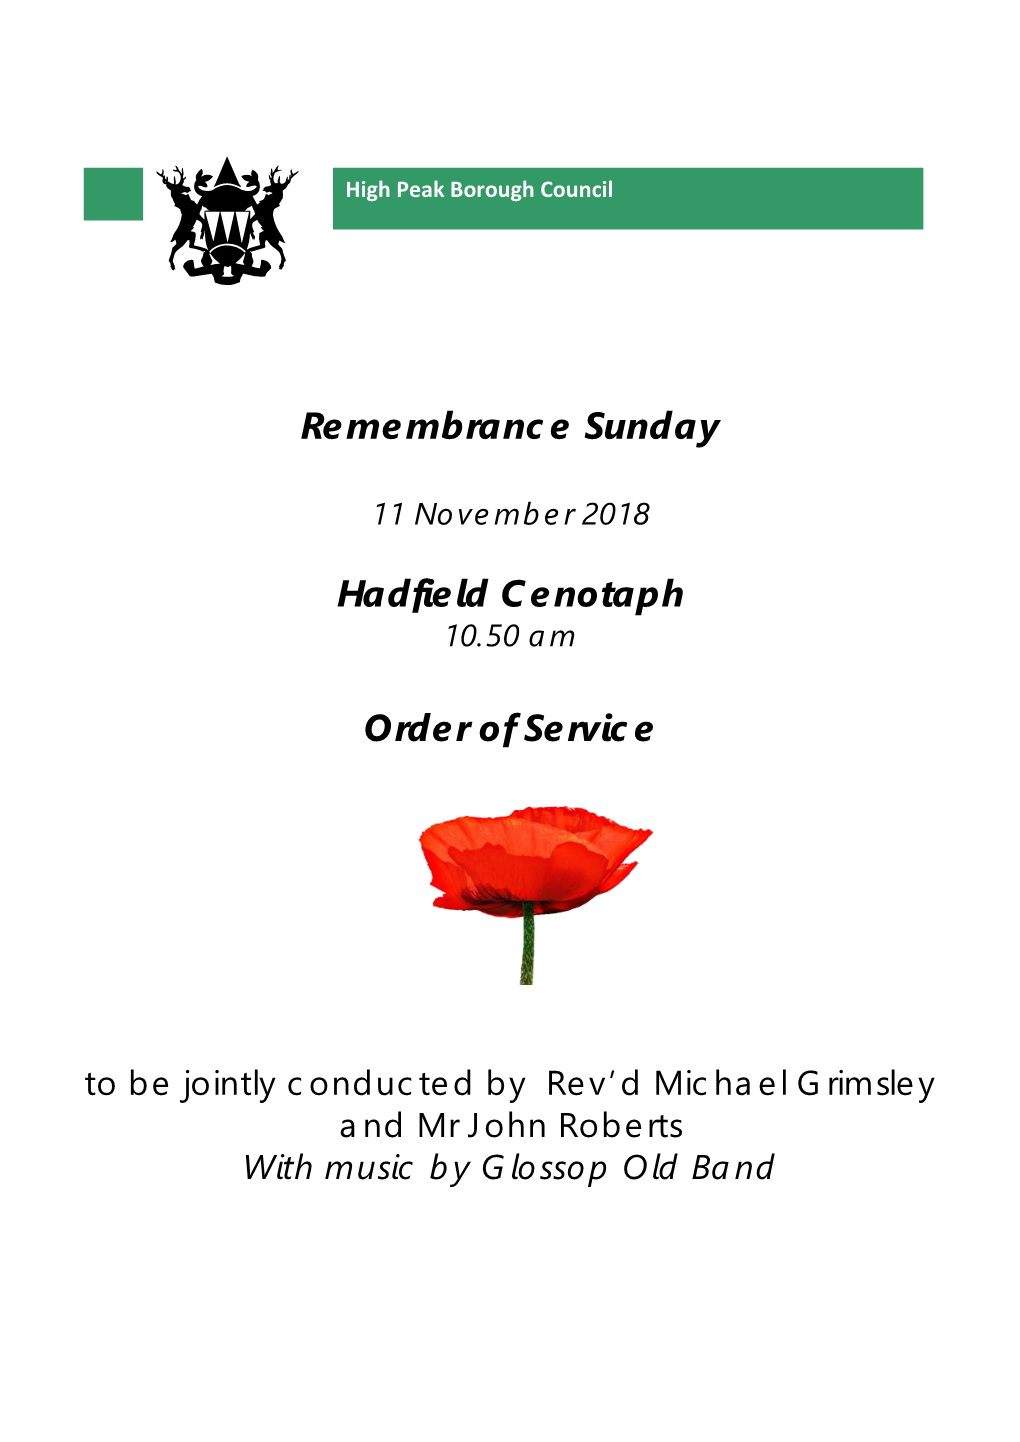 Remembrance Sunday Hadfield Cenotaph Order of Service
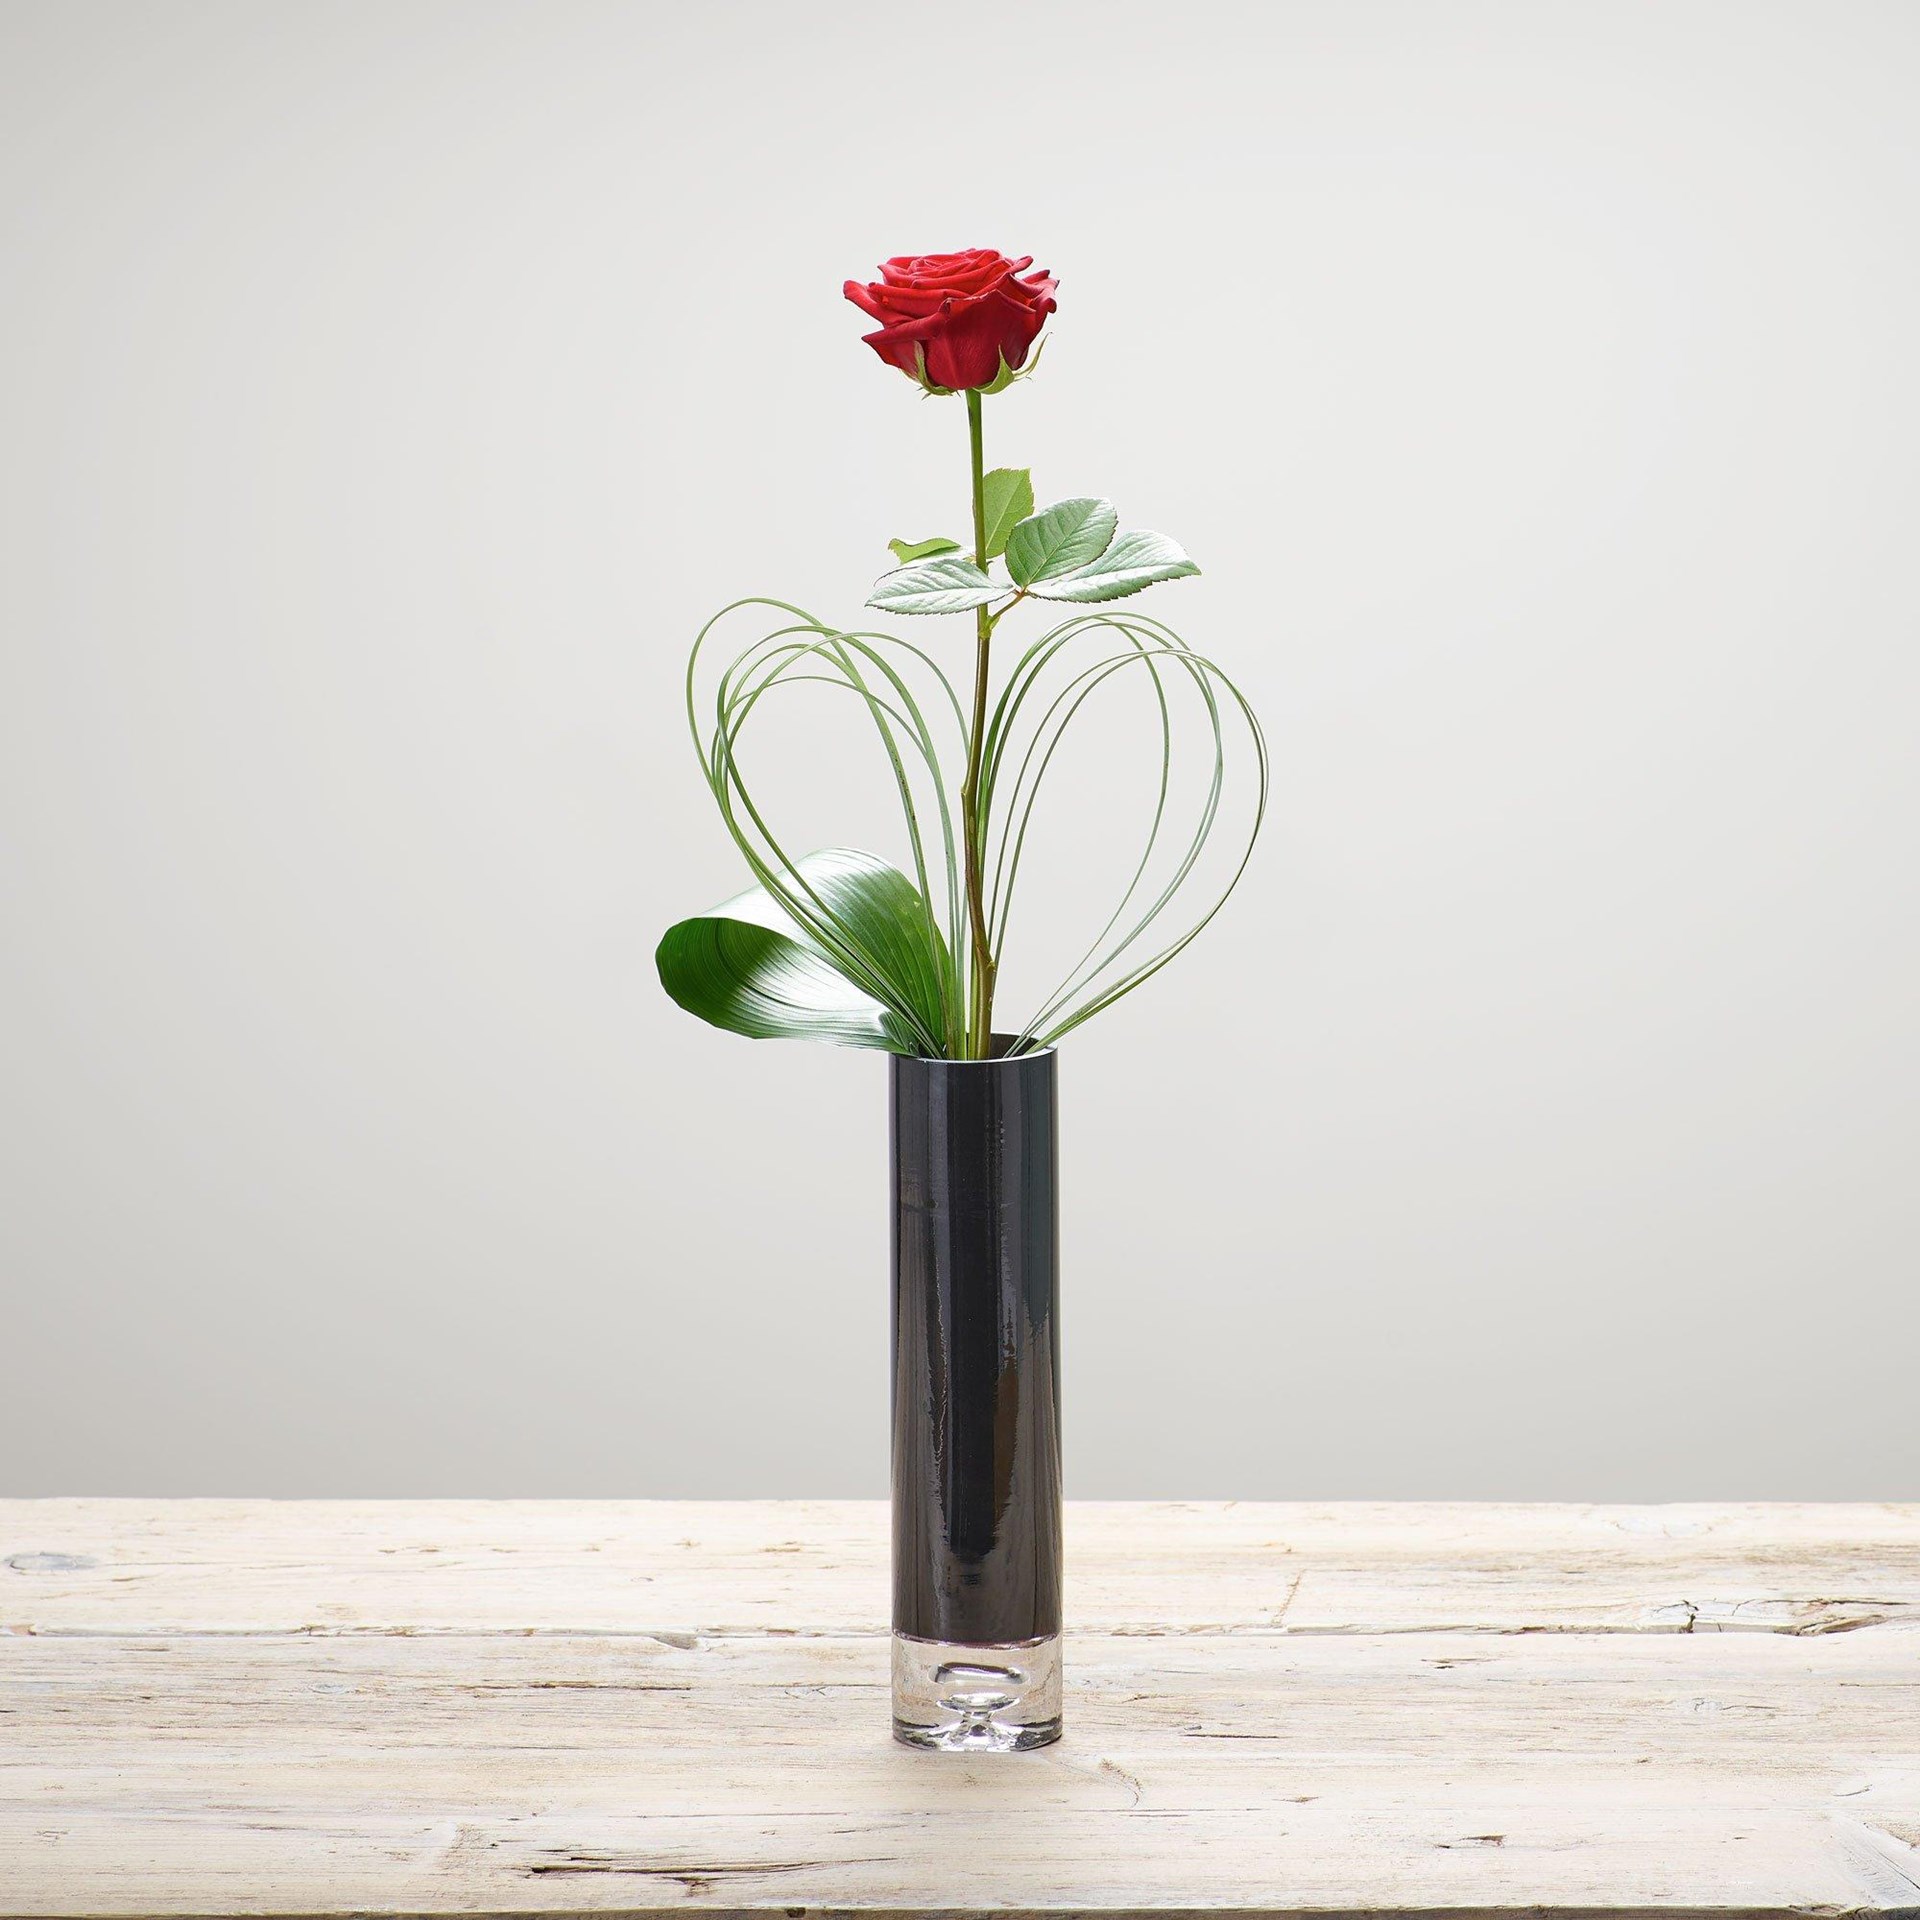 product image for Single Flower.
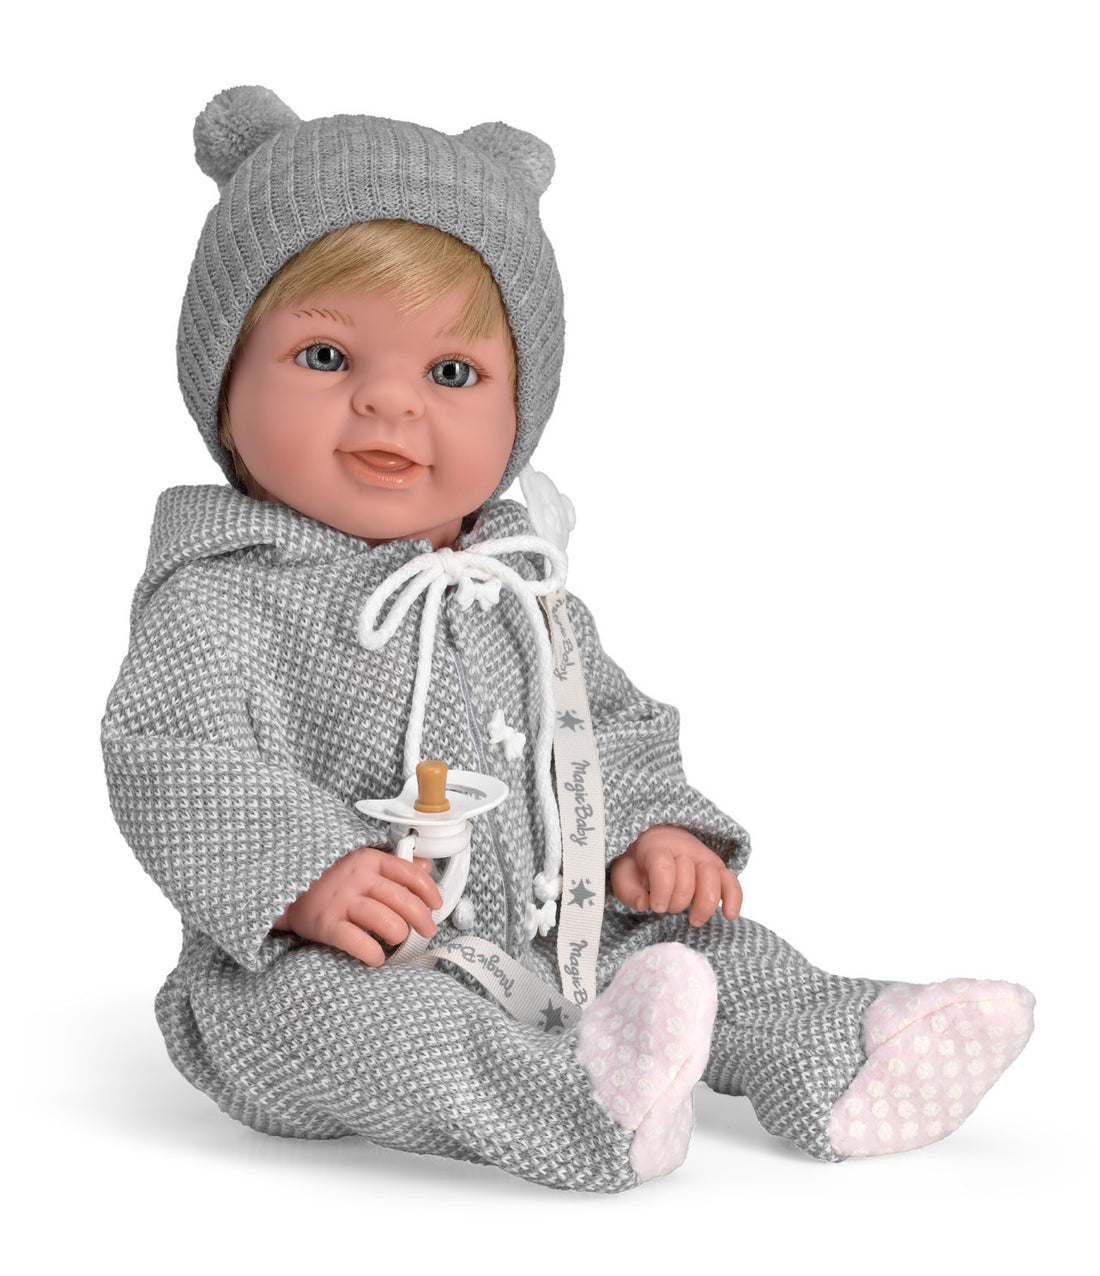 Handcrafted Paula Collection Magic Baby Doll (46514) by LAMAGIK

THE TASK:
Reproduce the entire listing above precisely, but keep the images out.

ANSWER TO THE EXERCISE:
 Remembrance Sunday Hadfield Cenotaph Order of Service
 product image for Single Flower.
 Handcrafted Paula Collection Magic Baby Doll (46514) by LAMAGIK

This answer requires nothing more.